After handling the event or facilitating the access to the resource
appropriately, VMM 140 may return control to a guest. The transfer
of control from a host to a guest (including an initial transfer to
a newly created VM) is referred to as a "VM entry" herein. An
instruction that is executed to transfer control to a VM may be
referred to generically as a "VM enter" instruction, and for
example, may include a VMLAUCH and a VMRESUME instruction in the
instruction set architecture of a processor in the Core.RTM.
Processor Family. In addition to a VM exit transferring control
from a guest to a root mode host, as described above, embodiments
of the present invention also provide for a VM exit to transfer
control from a guest to a non-root mode host, such as an
intervening monitor. In embodiments of the present invention,
virtualization events (i.e., anything that may cause a VM exit) may
be classified as "top-down" or "bottom-up" virtualization
events.
[0022] A "top-down" virtualization event is one in which the
determination of which host receives control in a VM exit is
performed by starting with the parent of the active guest and
proceeds towards the root mode host. Top-down virtualization events
may be virtualization events that originate through actions of the
active guest, including the execution of virtualized instructions
such as the CPUID instruction in the instruction set architecture
of a processor in the Core.RTM. Processor Family. In one
embodiment, the root mode host may be provided with the ability to
bypass top-down virtualization event processing for one or more
virtualization events. In such an embodiment, the virtualization
event may cause a VM exit to the root mode host even though it
would be handled as a top-down virtualization event with regard to
all intervening VMMs.
[0023] A "bottom-up" virtualization event is one in which the
determination of which host receives control in a VM exit is
performed in the opposite direction, e.g., from the root mode host
towards the parent of the active guest. Bottom-up virtualization
events may be virtualization events that originate by actions of
the underlying platform, e.g., hardware interrupts and system
management interrupts. In one embodiment, processor exceptions are
treated as bottom-up virtualization events. For example, the
occurrence of a page fault exception during execution of an active
guest would be evaluated in a bottom-up fashion. This bottom-up
processing may apply to all processor exceptions or a subset
thereof.
[0024] Additionally, in one embodiment, a VMM has the ability to
inject events (e.g., interrupts or exceptions) into its guests or
otherwise induce such events. In such an embodiment, the
determination of which host receives control in a VM exit may be
performed by starting from above the VMM that induced the
virtualization event, instead of from the root mode host.

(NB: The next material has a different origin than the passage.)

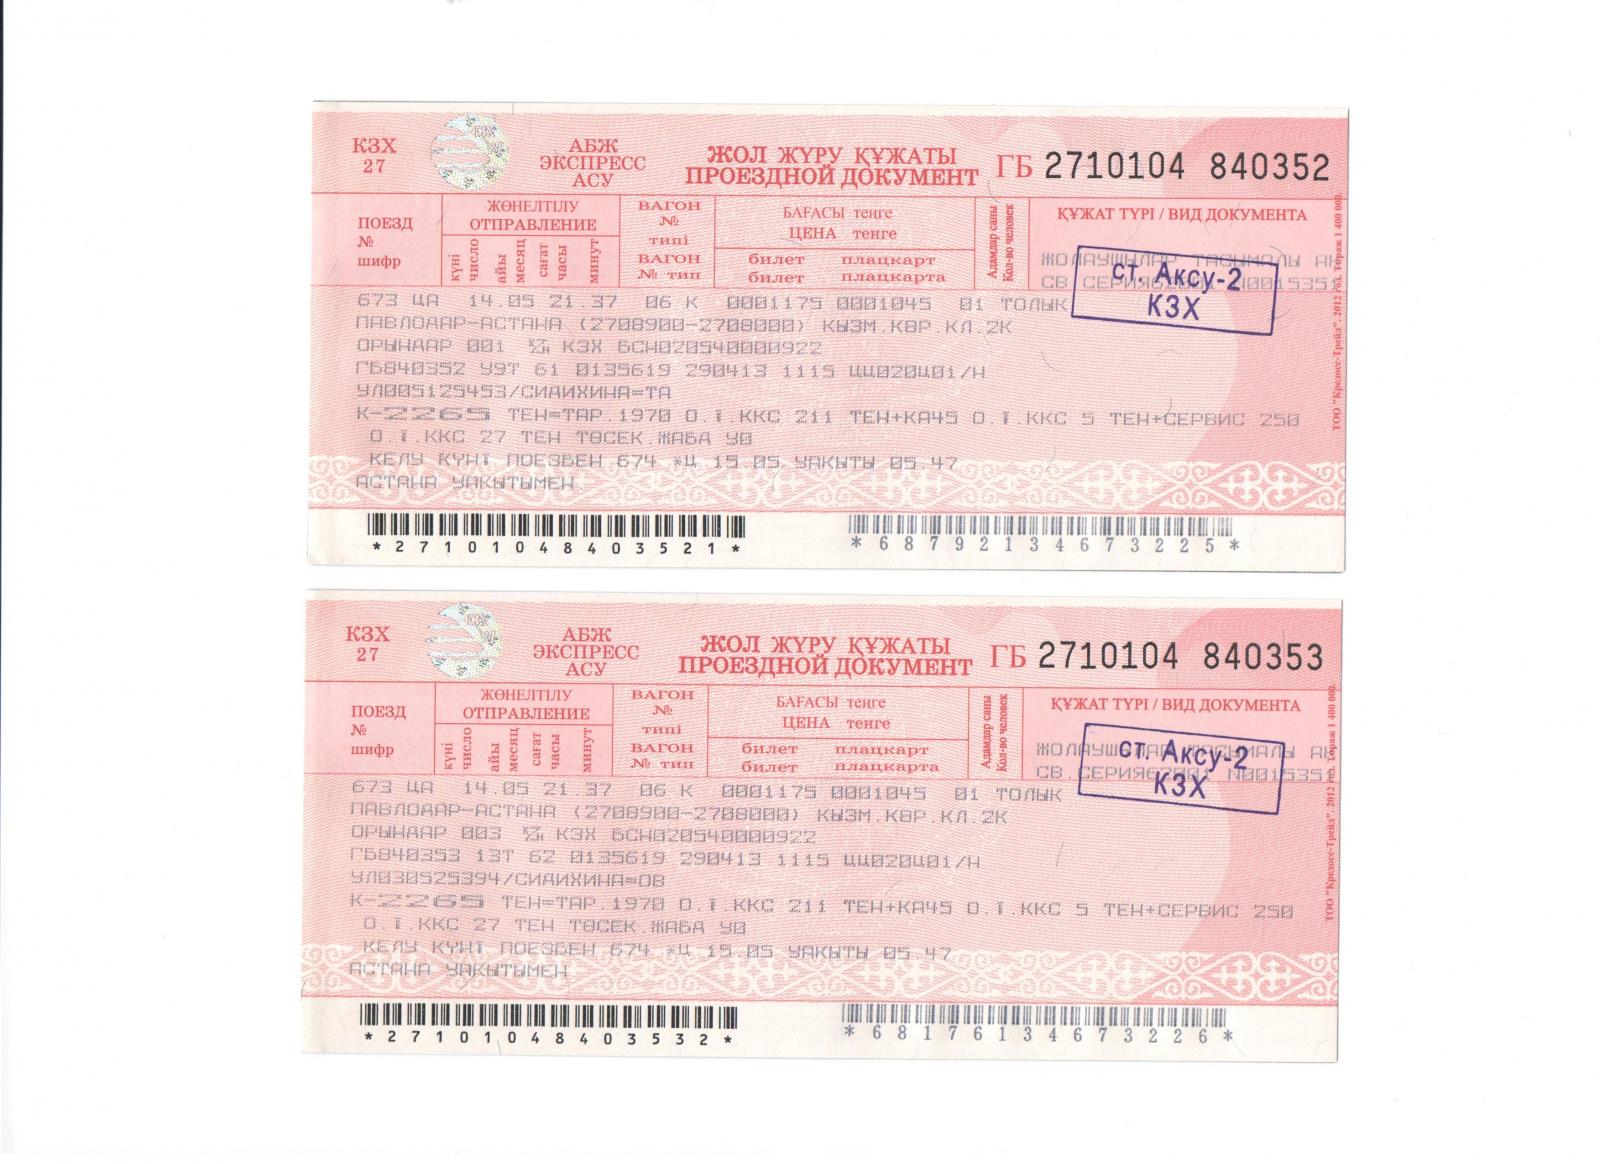 ЖД билеты. Билет на поезд Казахстан. Железнодорожный билет билет. ЖД билеты Казахстан. Жд билеты алматы астана
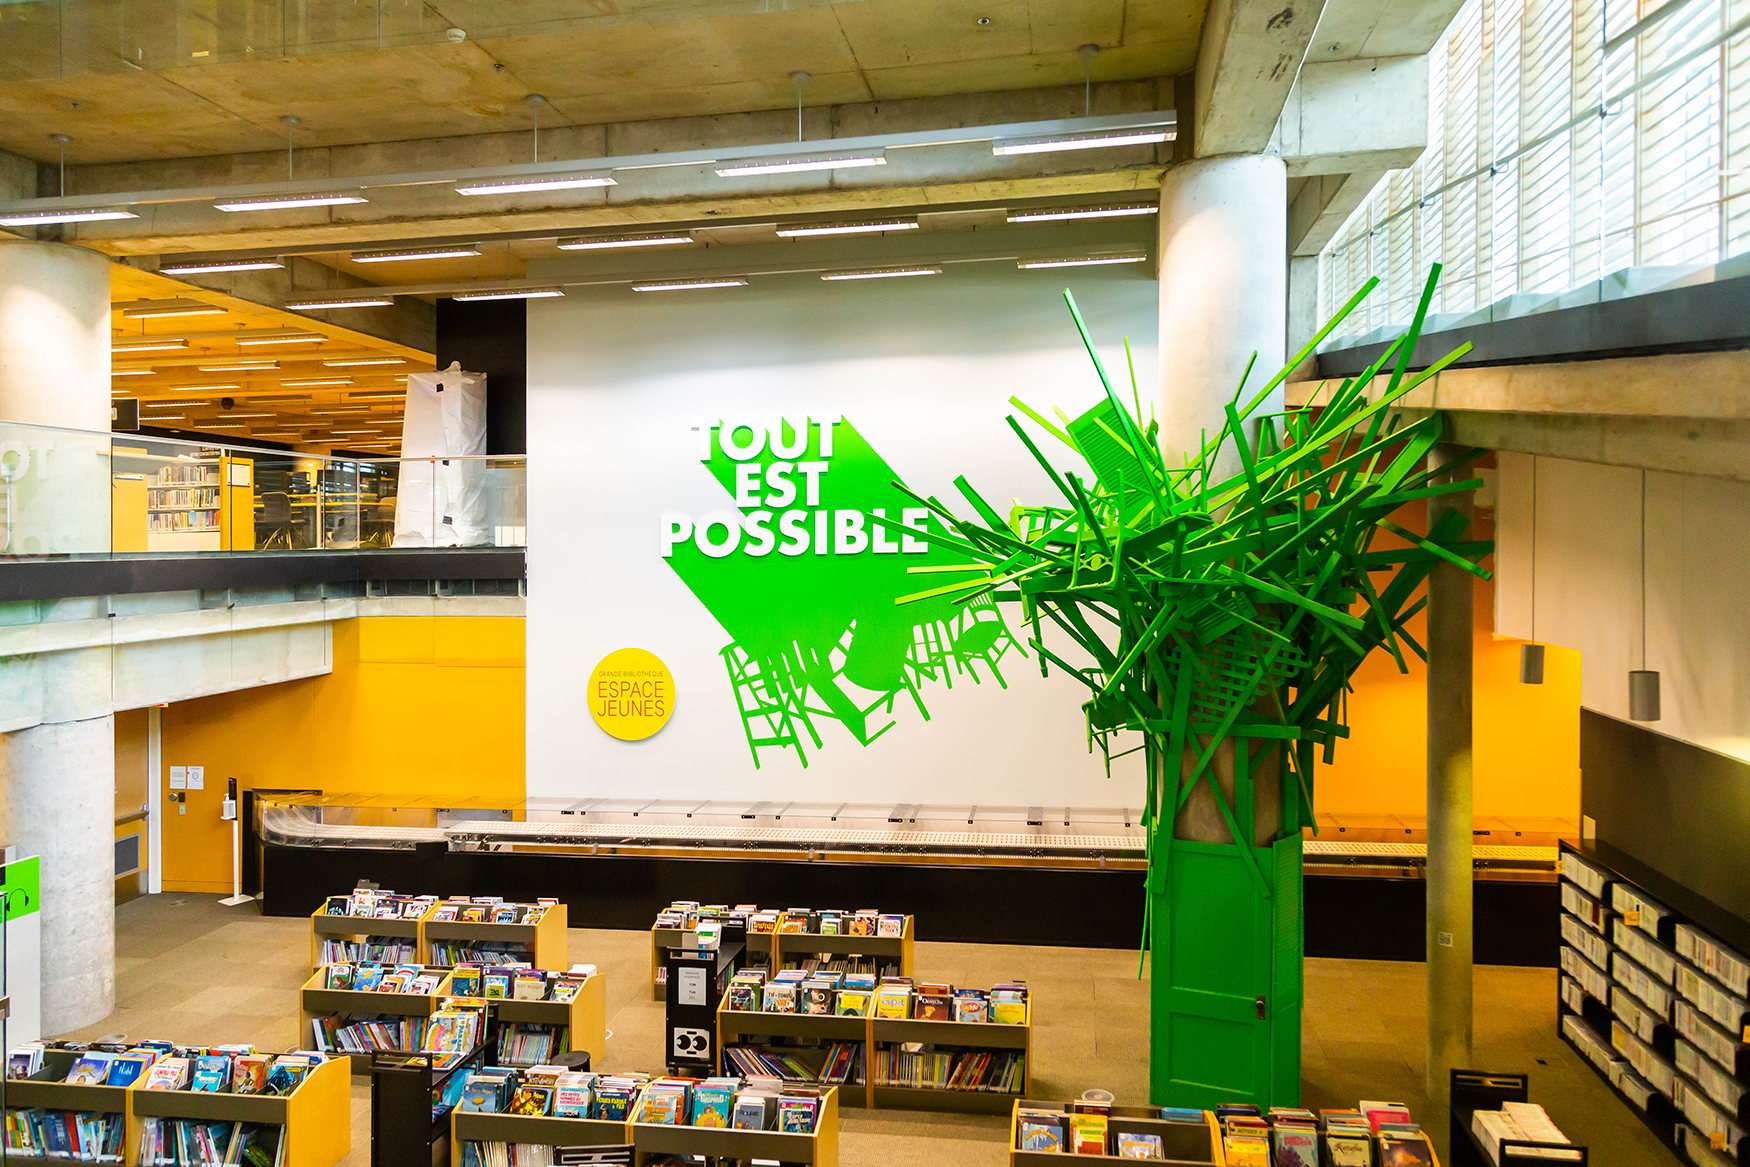 Rayons de livres jouxtant une installation d'art faite de matériaux recyclés, intitulée « Tout est possible ».

[0025] In the embodiment of FIG. 1, processor 120 controls the
operation of VMs according to data stored in virtual machine
control structure ("VMCS") 132. VMCS 132 is a data structure that
may contain state of a guest or guests, state of VMM 140, execution
control information indicating how VMM 140 is to control operation
of a guest or guests, information regarding VM exits and VM
entries, any other such information. Processor 120 reads
information from VMCS 132 to determine the execution environment of
a VM and constrain its behavior. In this embodiment, VMCS 132 is
stored in memory 130. In some embodiments, multiple VMCSs are used
to support multiple VMs, as described below. FIG. 1 also shows
shadow VMCS 134, in memory 130 in this embodiment, which is
created, maintained, and access as described below. Shadow VMCS 134
may have the same size, structure, organization, or any other
feature as a VMCS that is not a shadow VMCS. In some embodiments,
there may be multiple shadow VMCSs, for example, one per guest. In
the method embodiments described below, shadow VMCS 134 is a shadow
version of VMCS 251; however, another shadow VMCS (not shown) may
be created to serve as a shadow version of VMCS 261.
[0026] The "guest hierarchy" of a VMM is the stack of software
installed to run within the virtualization environment or
environments supported by the VMM. The present invention may be
embodied in a virtualization architecture in which guest
hierarchies include chains of pointers between VMCSs. These
pointers are referred to as "parent pointers" when pointing from
the VMCS of a child to the VMCS of a parent, and as "child
pointers" when pointing from the VMCS of a parent to the VMCS of a
child. In the guest hierarchy of a VMM, there may be one or more
intervening monitors between the VMM and the active guest. An
intervening monitor that is closer to the VMM whose guest hierarchy
is being considered is referred to as "lower" than an intervening
monitor that is relatively closer to the active guest.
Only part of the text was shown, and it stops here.